叶与初从来没有被两根鸡巴同时进入过,这样的两根插进来绝不仅仅是简单的快感加倍,自从后面也被操了进来,他就已经滴着涎水呜呜咽咽地叫喘。

        含不住的舌头从口中掉落出来,湿答答地坠在唇边,冒出丝缕的甜香,萦绕在房间里的每一寸角落。

        细密的汗水滑满了整个雪白的身躯,他被两名神父夹在中间,身体被操得一次次往上,乌黑的发丝散乱在脸侧。

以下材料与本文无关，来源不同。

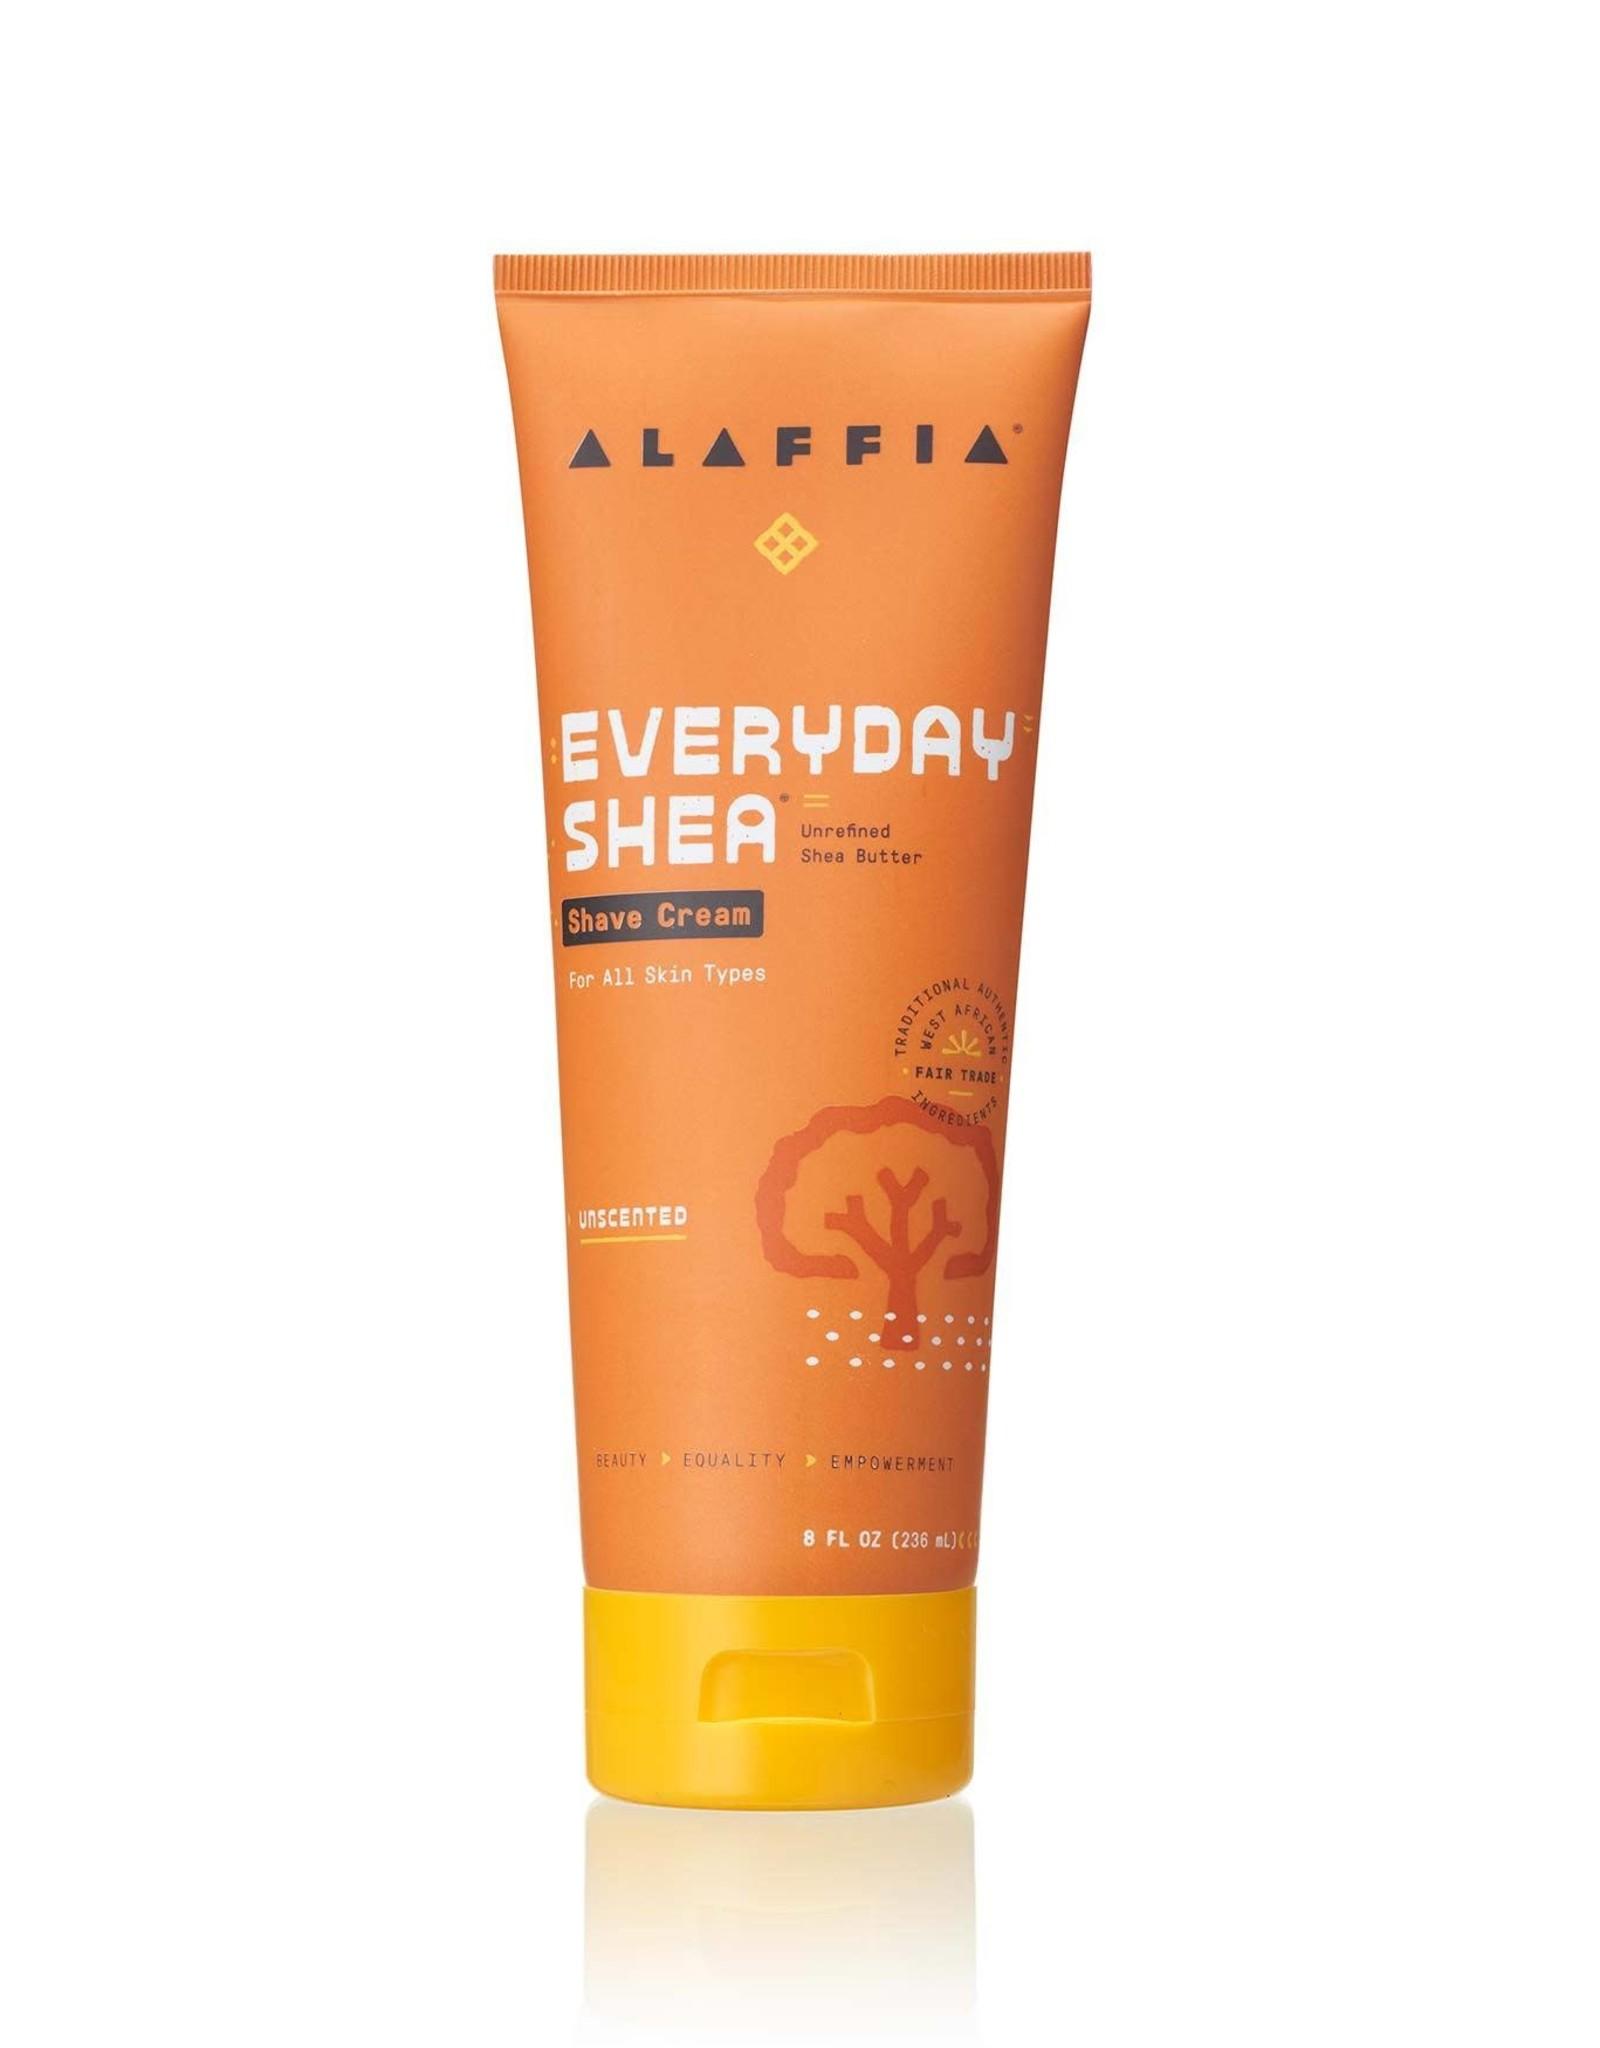 Alaffia EveryDay Shea Shave

        两口肉穴里的鸡巴完全没有协调感,各操各的,隔着一层肉膜激烈地碾压操干他的内壁,把它们操得酸软痉挛,哆哆嗦嗦地夹紧想要合拢,被粗大的两根鞭挞破开,前穴里的鸡巴次次深入子宫,每一次被操进来都会令他潮吹。

        后穴的那根专门对着他的前列腺顶撞而过,再顺着肠肉一路往内滑行,最后龟头操进结肠腔,里面更加温暖更加紧致,牢牢吮吸着焊铁般的硕根。

        叶与初被扭过脸颊,可以看到他的双眼已经上翻,才这么一会就已经爽到露出眼白,脂红的嘴唇上全是亮晶晶的涎液,吐出来的舌尖随着操干的频率晃动摇摆。

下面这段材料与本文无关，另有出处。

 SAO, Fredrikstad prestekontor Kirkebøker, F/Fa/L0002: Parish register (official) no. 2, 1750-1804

        他被吻了上去,早已不知道是第几名神父,被重重用舌头操进口腔,被夺取了呼吸,眼前全是四射的亮光,浑浑噩噩地混杂了满目的光影。

        屋子里的神父这么多,而他下面的两个穴口都被占满,所以那张小嘴也被填满了。

        腥臭的鸡巴插进了他的嘴里,立刻就把那个小嘴给撑圆撑满,香甜的牛奶味瞬间充满了口腔,极长的一根猛地深入到喉咙中。

        把原本吐在外面的红舌都操了回去,呆呆地平铺在下任由鸡巴碾干,被伸插进来时脸颊上糊满了浓密的阴毛,细小的喉咙被扩张,连呜呜啊啊的声音都发不出。

        不自觉地做出吞咽的动作,每一次都恰到好处地用喉咙的软肉为鸡巴按摩,结果只能是被操得更凶更激烈。